_WORK TASK_
Exact copy, no pictures: return only the lines below from the line with "Bread, Egg and Vegetable Illustration vector" up to and including the line with "Kobe-bryant 3D models - Sketchfab".

_MATERIAL SUPPLIED_
****

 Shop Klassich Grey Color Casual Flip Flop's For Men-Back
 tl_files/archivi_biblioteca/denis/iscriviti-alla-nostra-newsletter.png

****

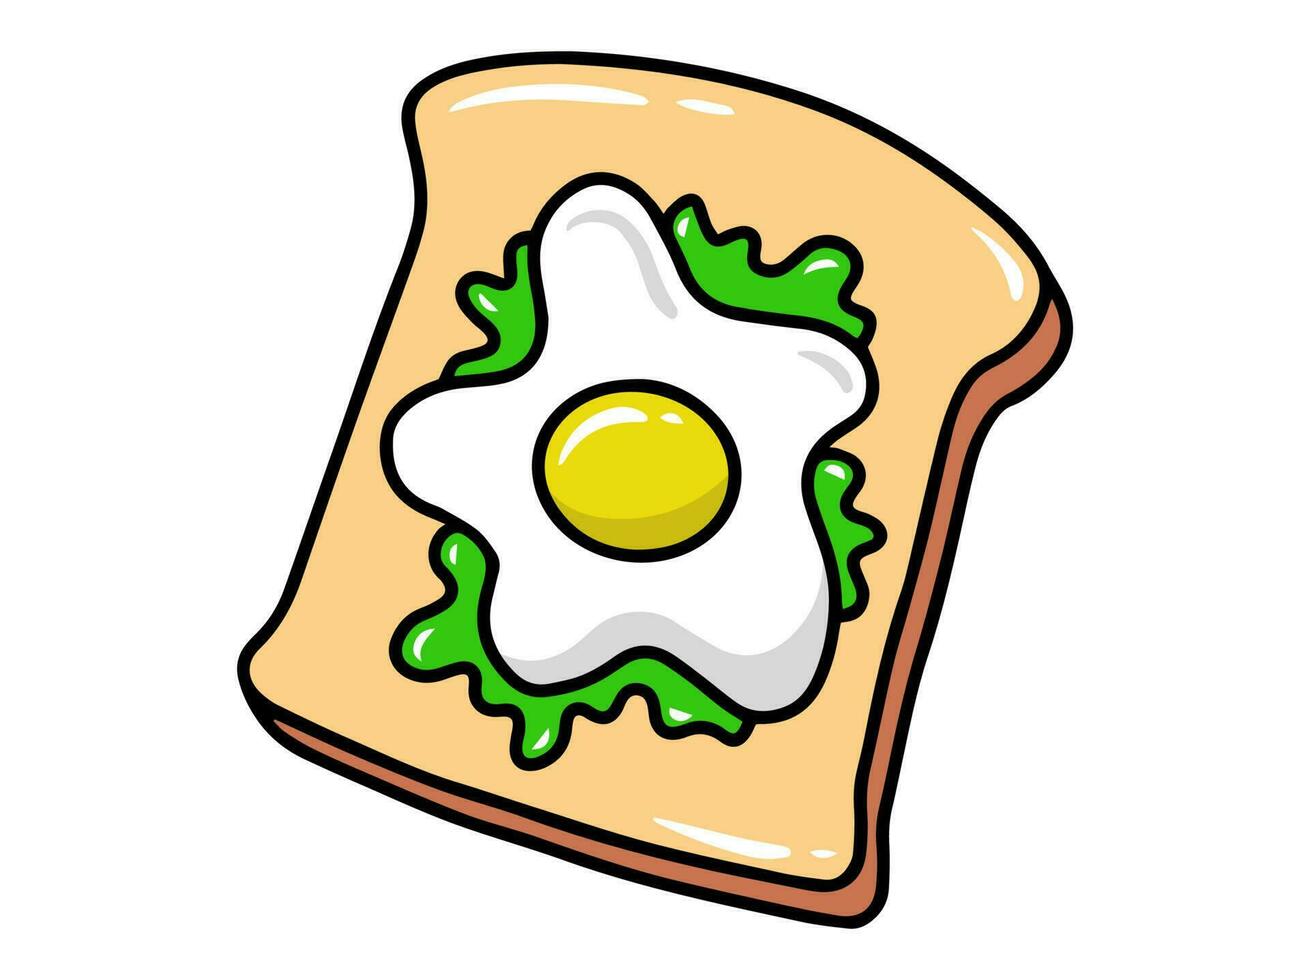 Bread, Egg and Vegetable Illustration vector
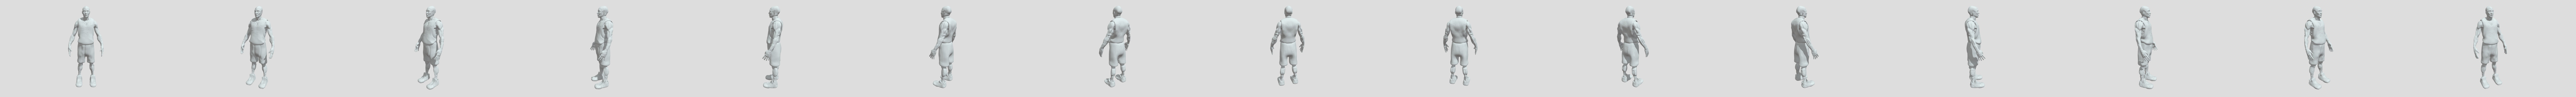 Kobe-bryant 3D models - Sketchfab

****

_RESPONSE BELOW_
 Bread, Egg and Vegetable Illustration vector
 Kobe-bryant 3D models - Sketchfab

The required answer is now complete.